Dimensões: Altura 0 - Largura 0

Local de armazenamento: Site do Museu Carnavalet (Paris)

Copyright do contato: © Fototeca dos Museus da Cidade de Paris - Photo Ladetsite web

Referência da imagem: 98 CAR 0550 A / Inv, n ° 0.P.138

Cabeça de cachimbo com a efígie de Emmanuel Arago.

© Fototeca dos Museus da Cidade de Paris - Photo Ladet

Data de publicação: novembro de 2004

Contexto histórico

Confinamento solitário

Confrontados com os ataques incessantes e repetidos motins, os governantes conservadores do final da década de 1830 queriam pôr fim ao regime prisional especial desenvolvido por Adolphe Thiers. O "isolamento contínuo" dos condenados em celas separadas é imperativo.

A monarquia de julho despachada longe de Paris, na ilhota cercada pelos muros do Mont-Saint-Michel, os adversários mais perigosos: líderes republicanos, detentores de pólvora e munições suspeitos de preparar "máquinas infernais" ou tentativas de regicídio e condenado à morte perdoado. Colocando os presos em silêncio e isolamento e quebrando os temperamentos mais duros, a prisão conseguirá controlar a ameaça política e social revolucionária?

Armand Barbès [1], condenado à morte em 1839 por tentativa de insurreição e anistiado por Louis-Philippe, foi enviado para Mont-Saint-Michel em 17 de julho de 1839 com três outros condenados, incluindo Martin-Bernard, que deixou um relato detalhado de sua estadia. Blanqui e cinco outros insurgentes se juntaram a eles em 6 de fevereiro de 1840.

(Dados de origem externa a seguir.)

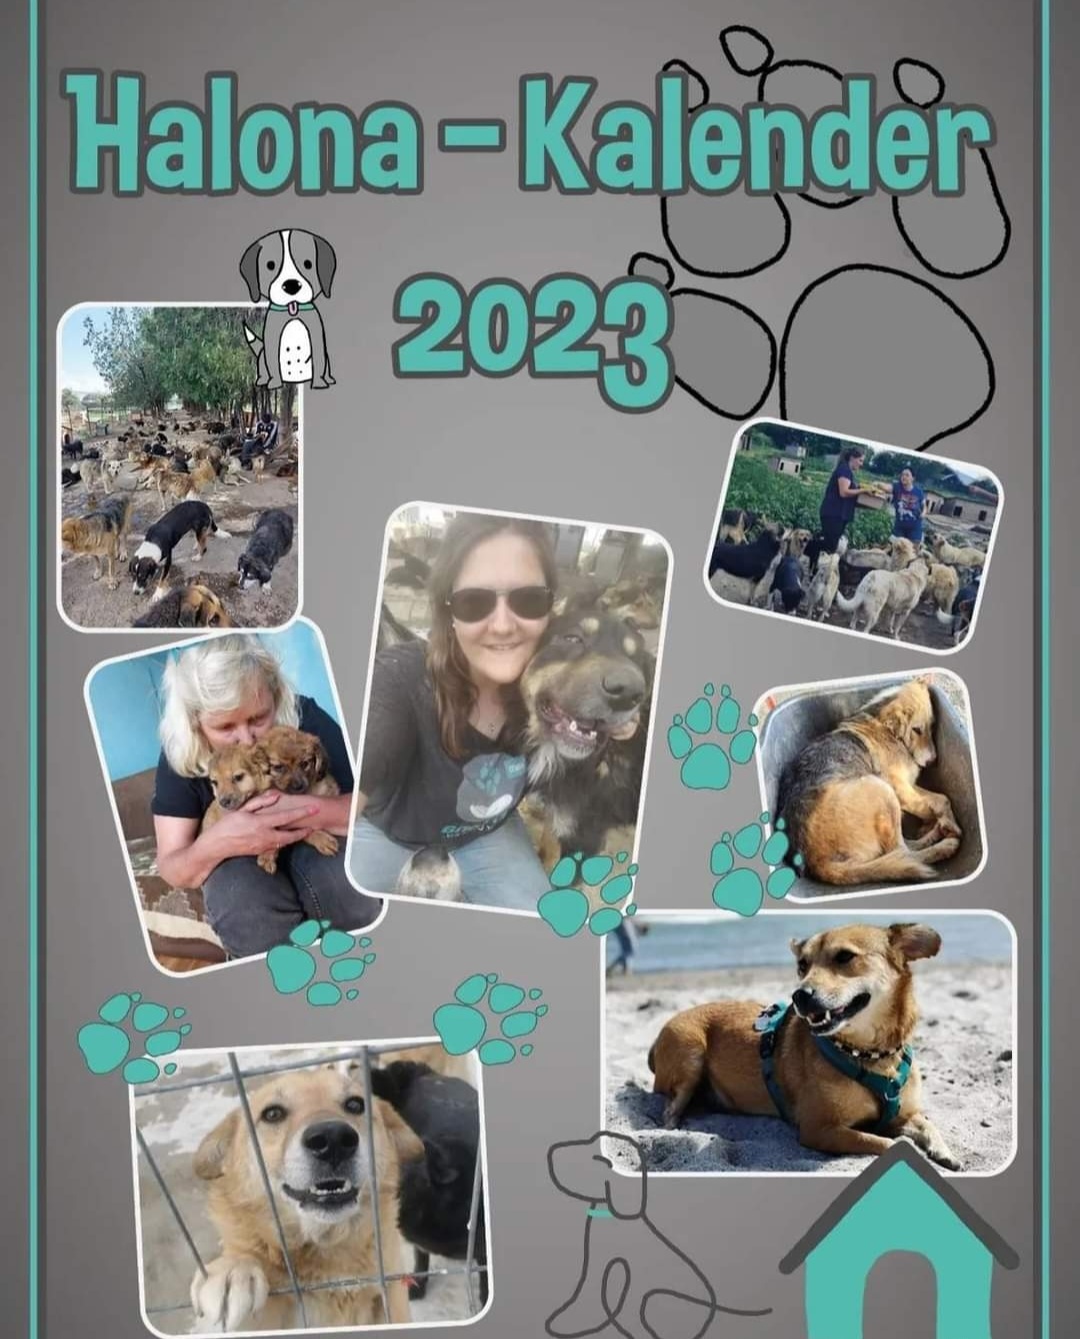 You are currently viewing Der Halona-Kalender 2023

Os detidos lutam desde a sua chegada contra os rigores do confinamento solitário, conversando entre si através de caixilhos de janelas, chaminés e paredes e também contactando os habitantes do Monte. Toda a imprensa da oposição condena o confinamento solitário e os bares duplos.

Análise de imagem

Carta de Armand Barbès para Emmanuel Arago (1 de dezembro de 1842)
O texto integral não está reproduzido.